The more services you sell, the more indispensable you become. “You really become a trusted advisor to them,” said Olson. “If the copier goes down, it’s not a great day, but if your network’s down, you’re shut down.”
But that responsibility can be a double-edged sword, so be sure you’re prepared to move into this space. “If you’re going to go into managed IT, that’s a very serious commitment to make because there’s a lot of certifications,” emphasized Olson. “You’re dealing with situations where the network goes down or somebody exposed somebody’s data. There’s a lot of scrutiny. If you’re just selling hardware, it’s not nearly as complicated.”
The stakes are seldom higher than with institutional buyers such as local schools, hospitals, and universities, but now’s a great time to get into that space because educators are reconsidering their attachment to the ultra-low-cost Chromebook, which forgoes traditional software in favor of Google’s cloud apps, training students on an ecosystem they may not use in the workplace.
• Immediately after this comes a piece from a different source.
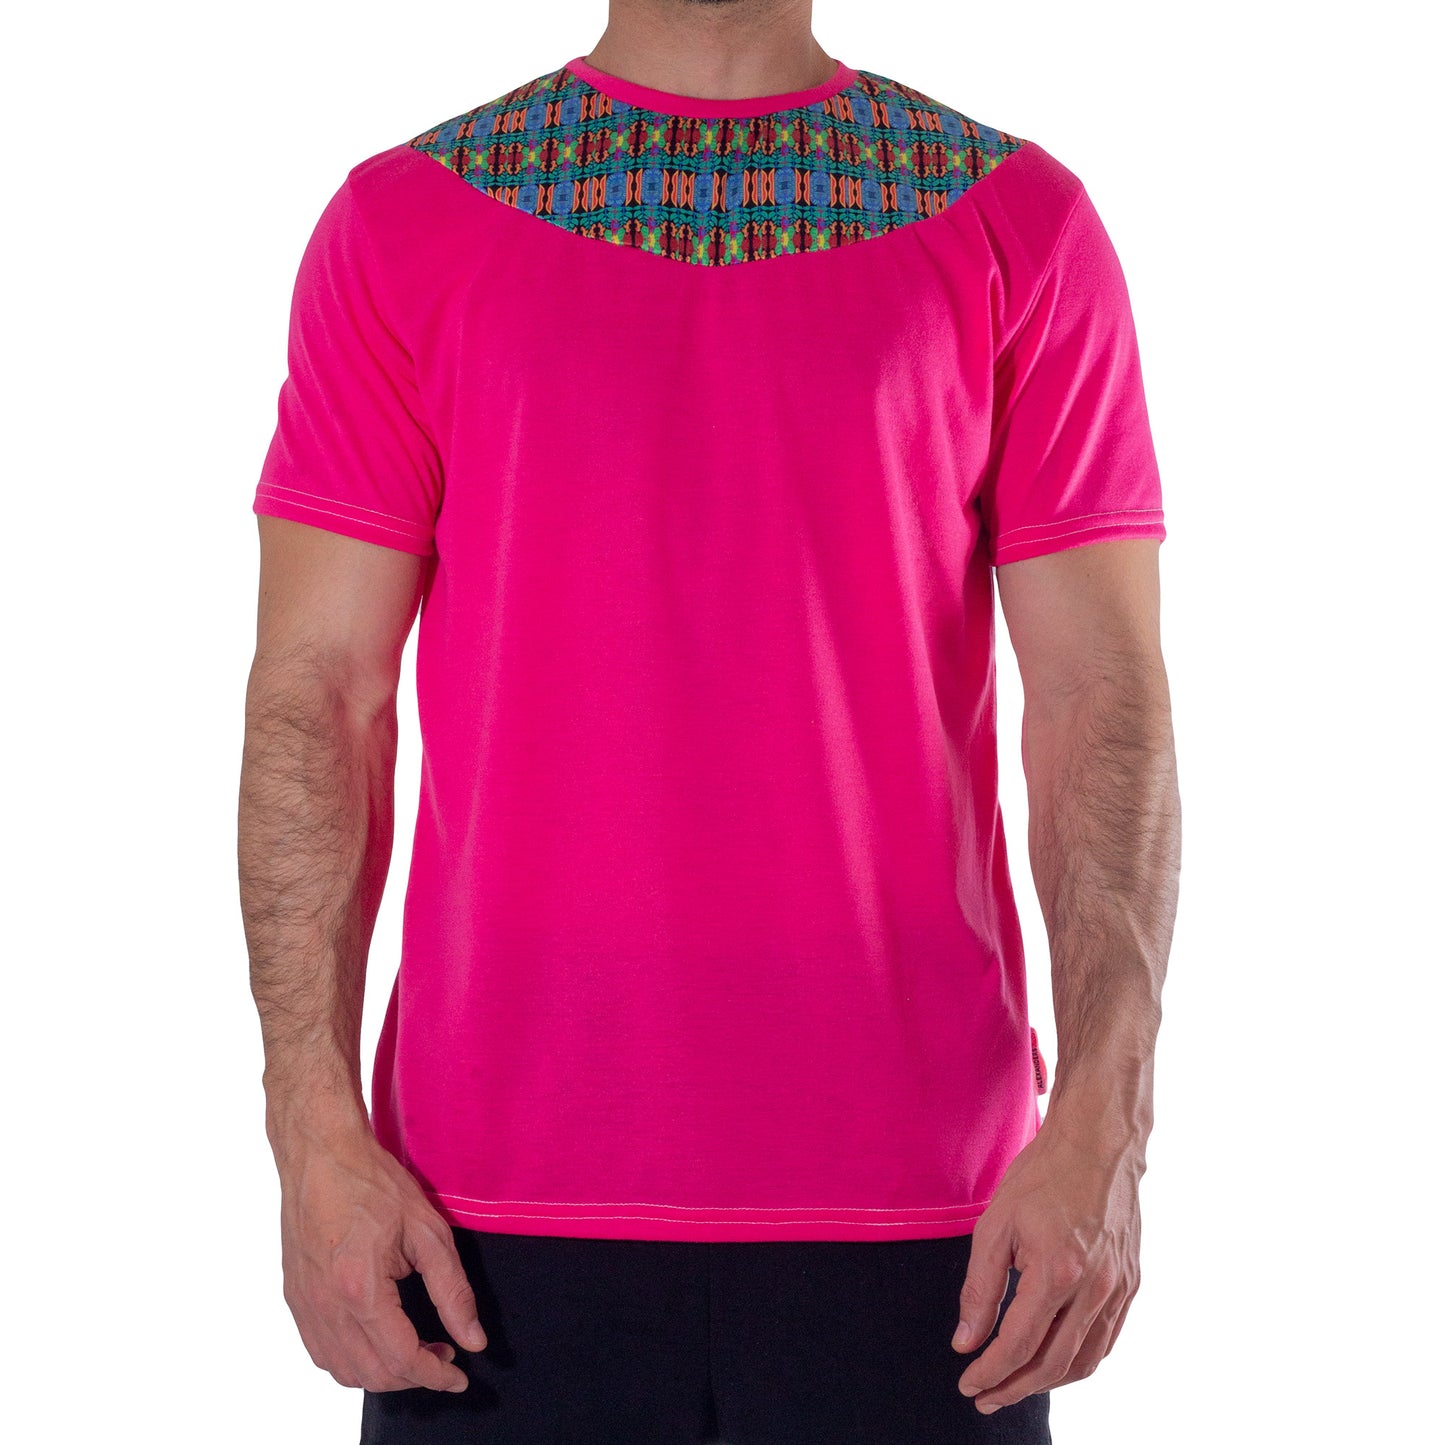 PA0001 Fuchsia Azteca T-Shirt with Celestun print bib skinit

“Now schools are seeing that they have students graduating who don’t know how to use Microsoft and that’s not preparing them for the world,” said Sharp’s Schielzo. “We’re seeing an uptick in schools purchasing Dynabook laptops because we run Microsoft, and their programs prepare them for the world, and Chrome doesn’t have an answer for that.”
Olson sees Chromebooks as another conversation-starter sale. Rather than trying to sell labor-intensive services like imaging devices, he’ll drop-ship them to the customer. Olson said, “The value you bring is helping that IT director at the school with the ordering process, offering some potential services after the fact, especially repair and warranty.”
Outside the Laptop Sales Margins
Overall, the focus on PC and laptop sales margins is misleading. A foot in the door is priceless. “It’s a very easy entry point into a dialogue that leads to managed services, which is where every dealer I talk to wants to go,” said Sharp’s Coffey. “You don’t have to convince the customer they need a laptop. You just have to convince them to buy yours.”